Служил он в разных полках, был в Средней Азии, в так называемой Текинской экспедиции под командованием генерала Скобелева. Служил также в Каменец-Подольском. Помощником атамана Кубанского войска он был при атаманах Маламе и Бабыче.
По рассказам бабушки, казаки его уважали, так как был он человечным, хотя и строгим, но справедливым. К началу революции он уже находился на пенсии, но, несмотря на это, его арестовала ЧК, и все, что он имел, конфисковали. Я помню, хотя и была маленькой, как мама со мной на руках ходила к нему в тюрьму на свидание. Там его продержали два месяца и выпустили, как не участвовавшего в боях против Красной армии. Такова была официальная мотивировка. Позже бабушка узнала, что за него заступились, узнав о его аресте, рабочие завода «Кубаноль», был такой завод в Екатеринодаре. Оказалось, что в период его службы он, временно замещая атамана Бабыча, отказался подписывать смертный приговор задержанным большевикам, в том числе и рабочим этого завода.
Мама моя работала секретарем в адыгейском земотделе еще до прихода красных и получила большую проходную комнату. Здесь мы потом и жили вчетвером: дедушка, бабушка, мама и я.
Удивительно, но я никогда не видела дедушку в нижнем белье. Он всегда был в брюках, тужурке, сапогах и разрешал себе разве что расстегнуть верхние пуговицы парусинового кителя. Меня он тоже приучал к аккуратности, с пяти лет начал обучать чтению, письму, математике и даже французскому языку. Он шил мне матерчатые игрушки — лошадок, зайцев. Иногда мы с ним гуляли и пели украинские и русские песни: «За свит вста-лы козаченькы», «Делибаш» и другие.

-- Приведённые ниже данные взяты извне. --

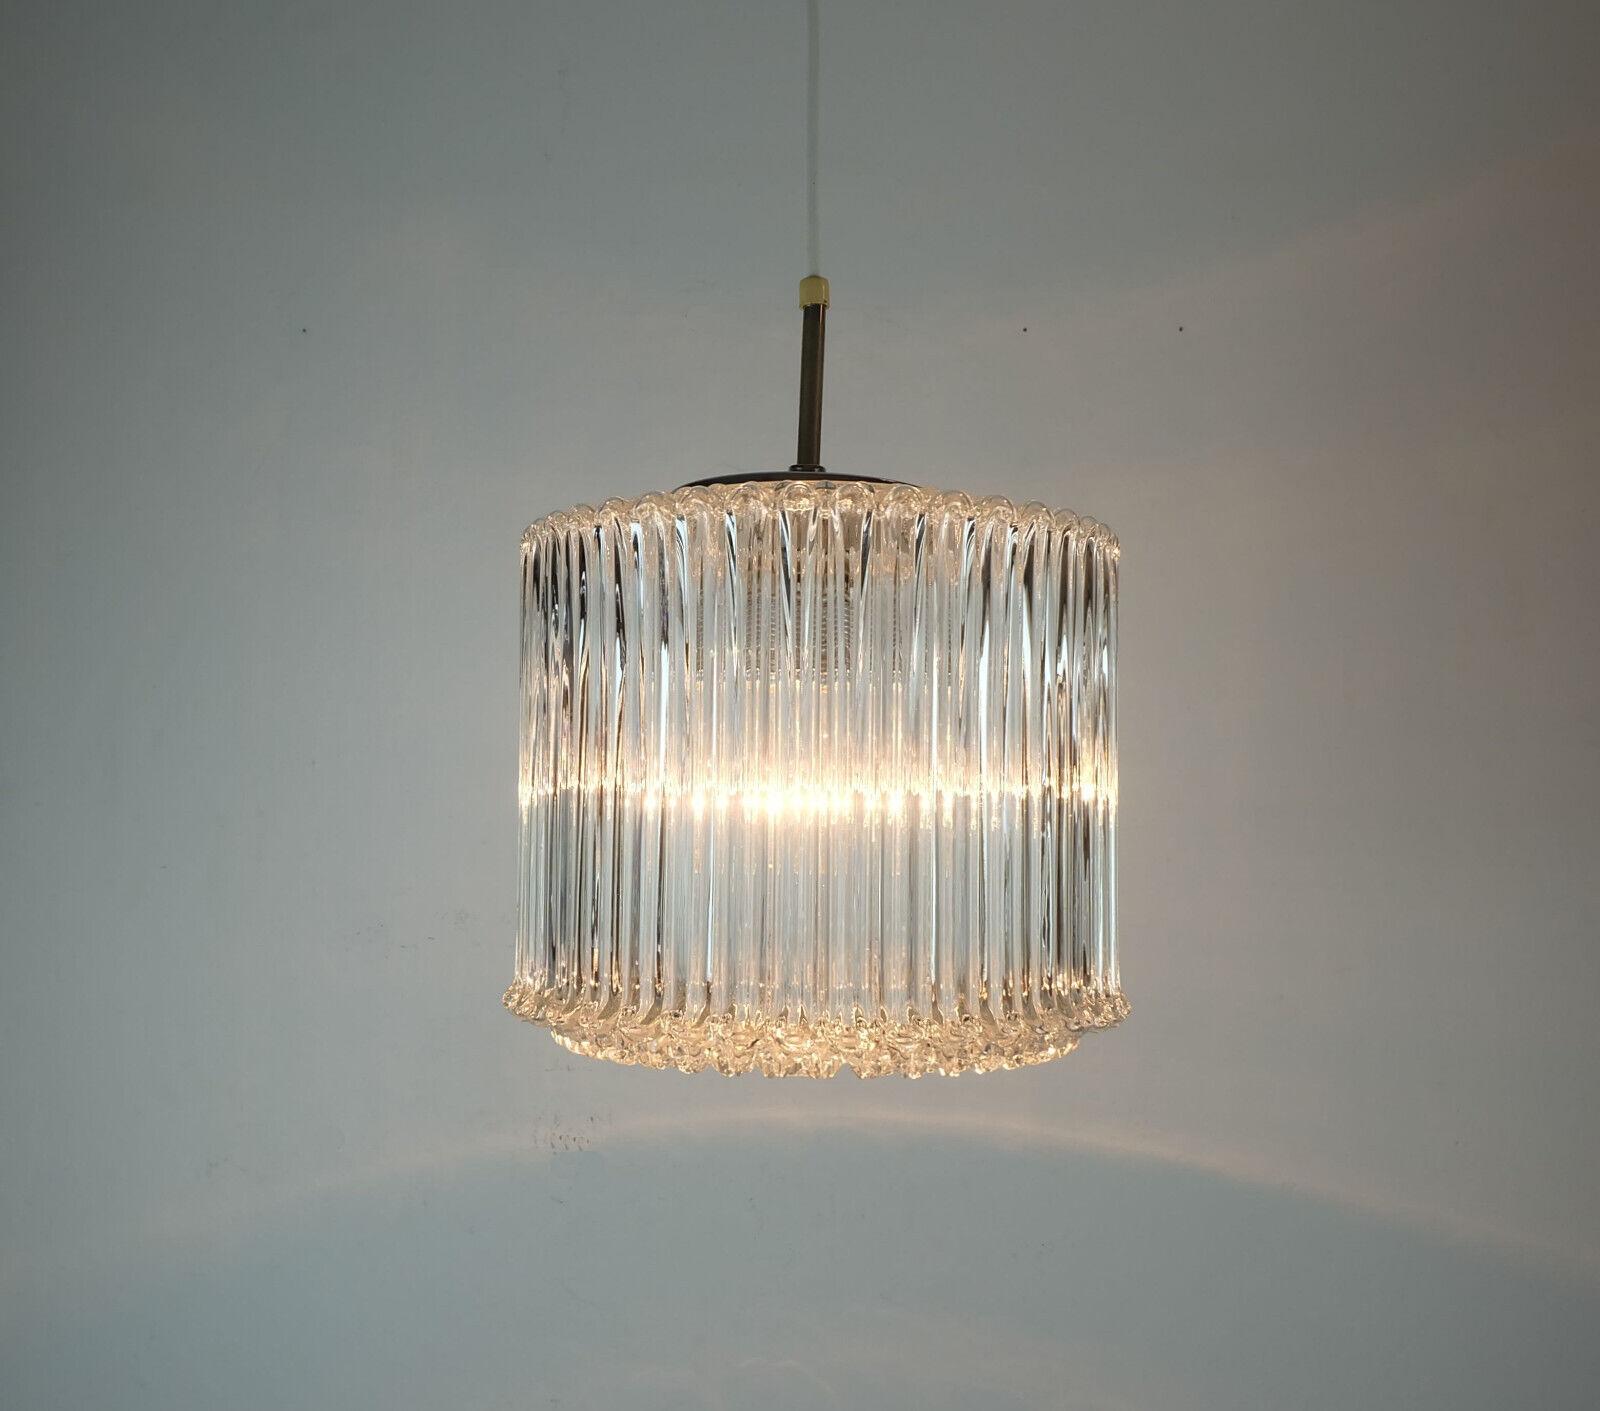 large limburg mid century bubble glass PENDANT LIGHT model P 911 a 1209 clear gl In Good Condition For Sale In Mannheim, DE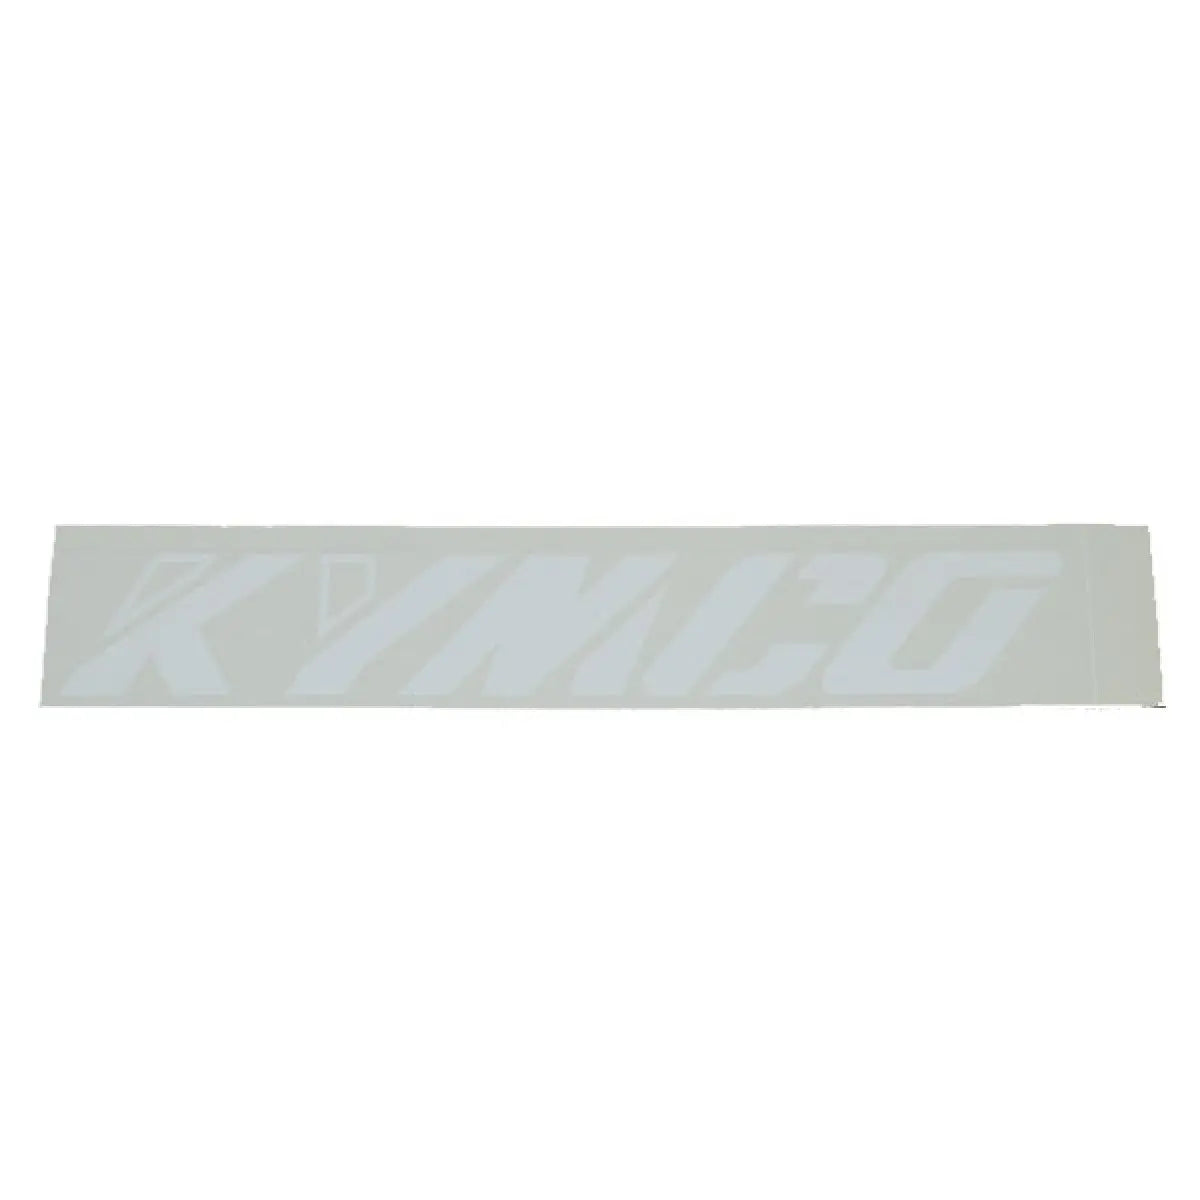 085020 : KYMCO WOORD WIT 190X30MM AE-trading

Он очень терзался тем, что не было ему работы. Его неоднократно приглашали на службу в штаб Красной армии, но он категорически отказывался от такой «чести».
Очень его мучила и судьба сыновей. Старший, Сергей Иванович — мой отец, служил у адмирала Колчака и, видимо, погиб где-то под Иркутском. Вестей от него мы никаких не получали, и я его совсем не помню. Младший его сын, мой дядя Олег Иванович, был адъютантом у генерала Врангеля и отступил вместе с ним за рубеж. Доходили слухи, что в Париже, в чине генерала, он заведовал казачьим кадетским корпусом. Но переписки у нас с ним не было.
Когда дедушка умер, в последний путь его провожало очень много людей, не побоявшихся прийти на похороны…
Похоронен он на Всесвятском кладбище. Могила его, как и многих современников смуты, затеряна…
К сожалению, о его жизни и особенно о службе его я знаю мало. Он был сдержан и не любил излияний, считая их слабостью человеческой…
Все, здесь происходившее, оказывается, так близко и рядом. Только потревожь его воспоминанием, только всмотрись в него, и оно всплывет, предстанет неотступно, оживет в душе неизвестно с какой целью. Но только в сквозном временном развитии можно различить его истинный смысл и значение…
Нет, что-то было и есть неизъяснимое на этом, вроде бы глухом хуторе Лебеди, некая сообща вырабатываемая и в то же время в каждом человеке проявляющаяся неведомая, неиссякаемая сила и правда… Там, казалось, не могли не сформироваться истинные человеческие характеры, со своим устойчивым от всяких случайных и произвольных влияний миром.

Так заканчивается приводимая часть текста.